Scribo ergo sum 2017: Foschia

Scribo Ergo Sum è il concorso di scrittura creativa aperto agli studenti iscritti agli istituti secondari superiori della Provincia di Bergamo che hanno aderito al progetto: ciascun autore ha deciso il titolo e il genere letterario del proprio racconto che per l’edizione 2017 doveva essere svolto seguendo la traccia “Liberi tutti – Liberi di scrivere, amare, sognare, viaggiare; di muoversi, di esprimersi, di scegliere. Liberi di partecipare, di combattere per un’idea, di opporre resistenza, di rompere dei confini e spezzare delle catene. Ma anche liberi di ascoltare, tacere, imparare, riflettere, osservare il mondo e cercare di capirlo. Liberi di raccontare cos’è la libertà”.

FOSCHIA (racconto 36)

Sento lontano un gran trambusto; avverto l’incessante rumorìo di passi pesanti, leggeri, ampi, svelti.

Sono troppo stanca, però, perché quelli riescano a tenermi sveglia.

Apro gli occhi piano piano. Mi alzo dalla sedia su cui mi ero appisolata e mi sgranchisco un po’ le gambe, seppure senza sentire sollievo.

Ho la schiena e il collo a pezzi, li massaggio un poco: sarebbe stato meglio se non mi fossi addormentata lì.Attorno a me è tutto come immerso in una sottilissima foschia; cerco nella borsa i miei occhiali, non trovandoli lascio perdere.

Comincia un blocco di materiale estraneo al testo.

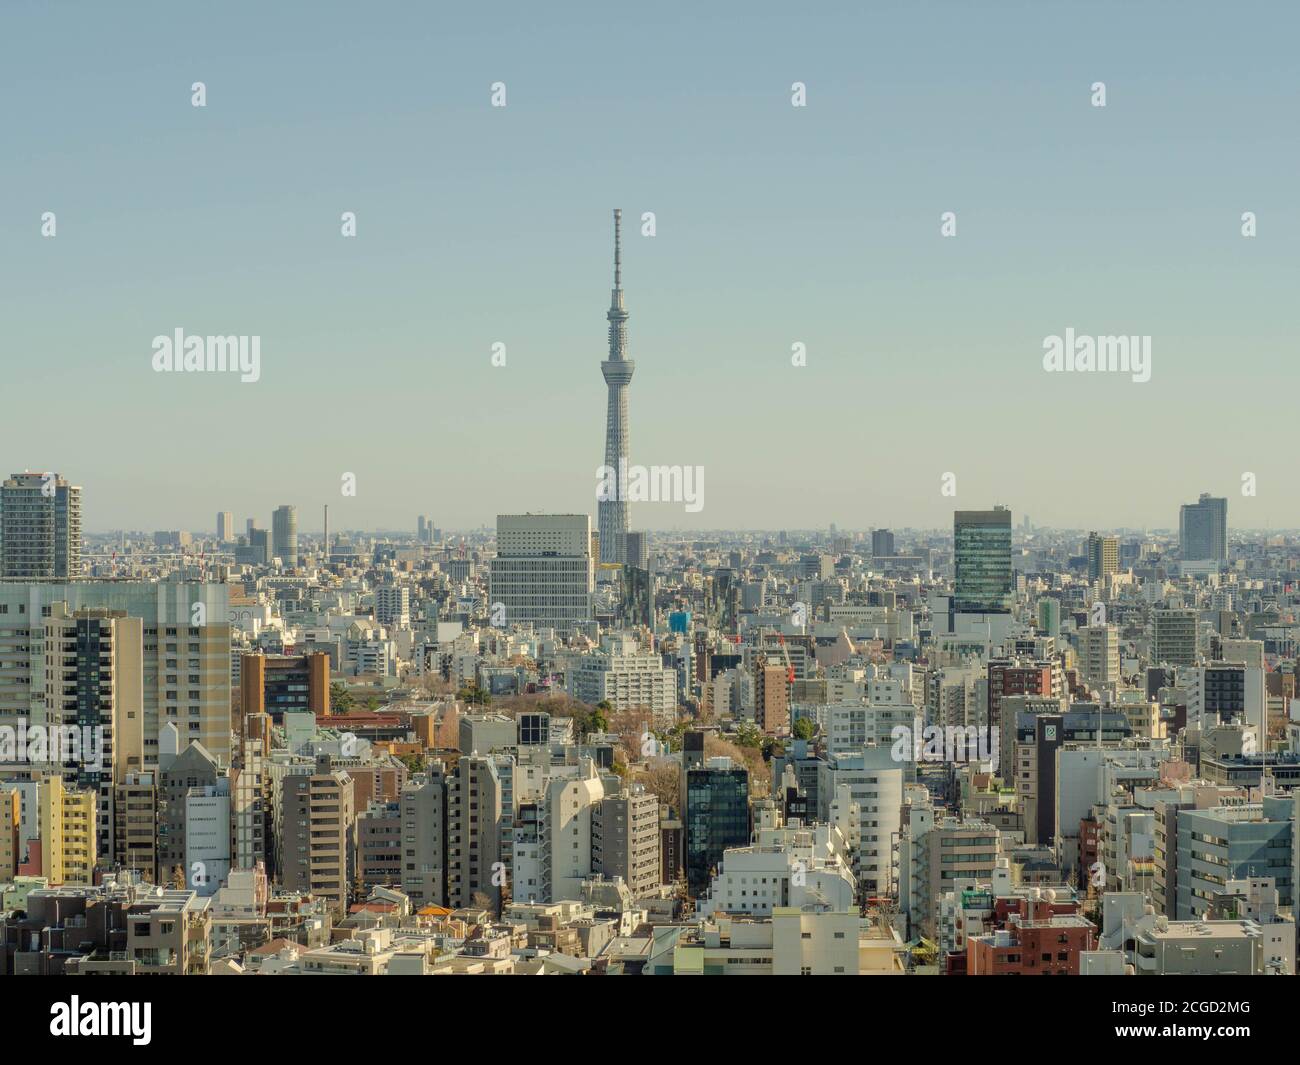 Tokyo skyline. Tokyo Skytree from Bunkyo center, aerial city view Stock Photo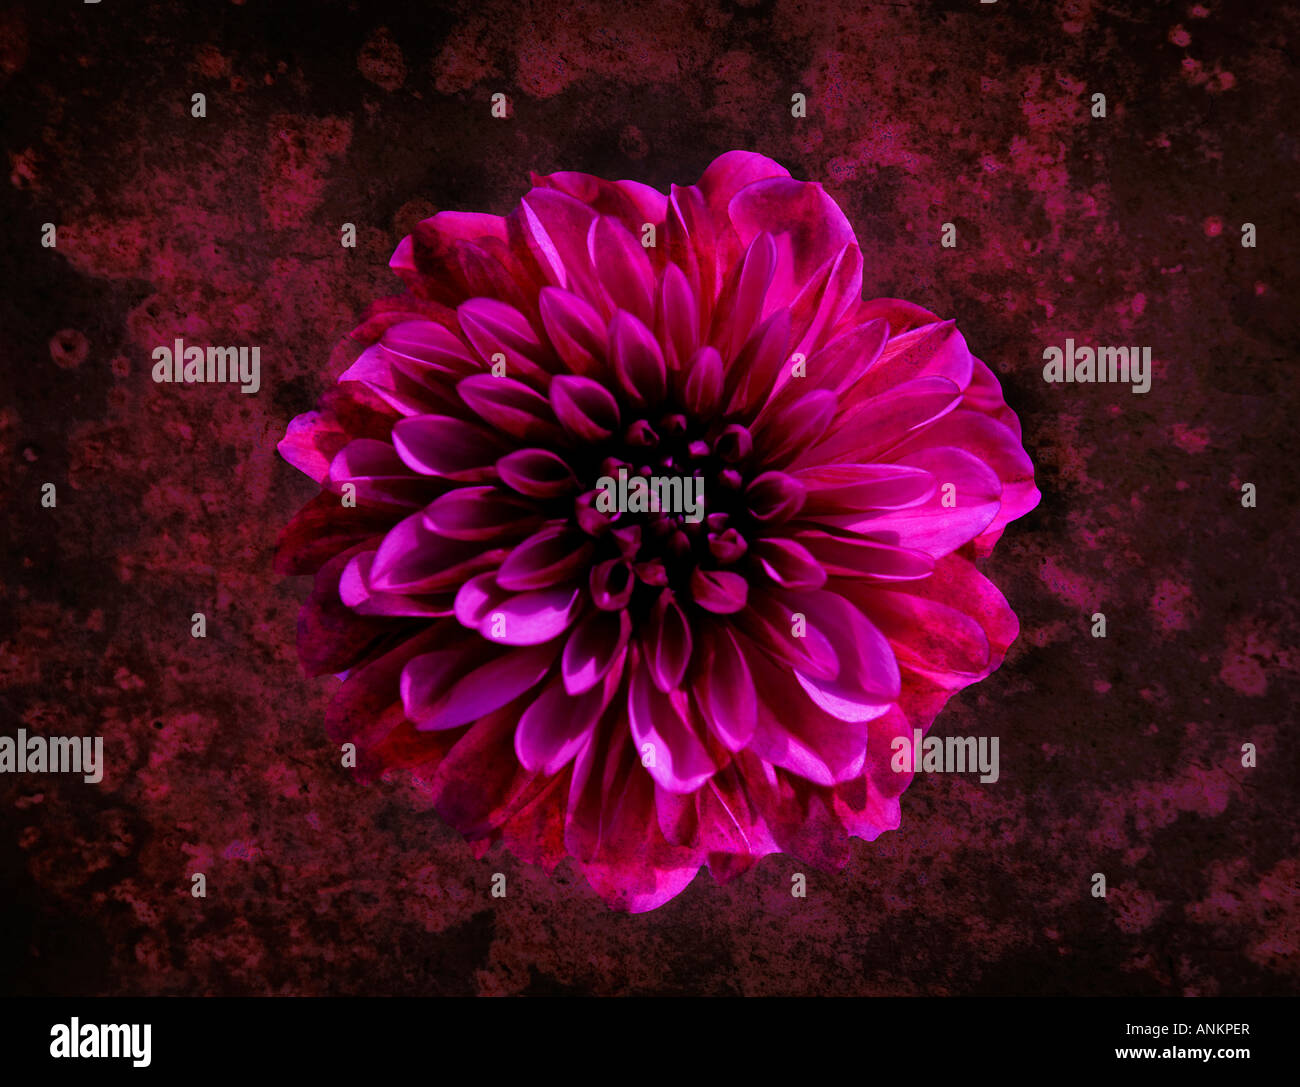 Foto-Illustration einer rosa Blume Dahlie Stockfoto

Lungo tutto il bianco corridoio ci sono tante porte, gli studi degli psichiatri; la porta di quello di mia sorella è ancora chiusa, non provo neanche a bussare, anche se avrebbe già dovuto aver finito.

Così inizio a percorrere il corridoio, almeno forse potrei trovare un medico o un infermiere a cui chiedere informazioni, ma non trovo nessuno, benché persista ancora quel lontano rumore roboante ed ovattato di prima, segno della presenza di qualcuno.

Allora provo pure a bussare allo studio.

– Ohi, posso entrare? –

Nessuno risponde.

Mentre continuo ad essere assorta nei miei pensieri, mi allontano dalla stanza, passeggiando per tutto l’ospedale, vedendo tante cose o forse niente, finché non mi ritrovo a sbirciare in una stanza con la porta socchiusa.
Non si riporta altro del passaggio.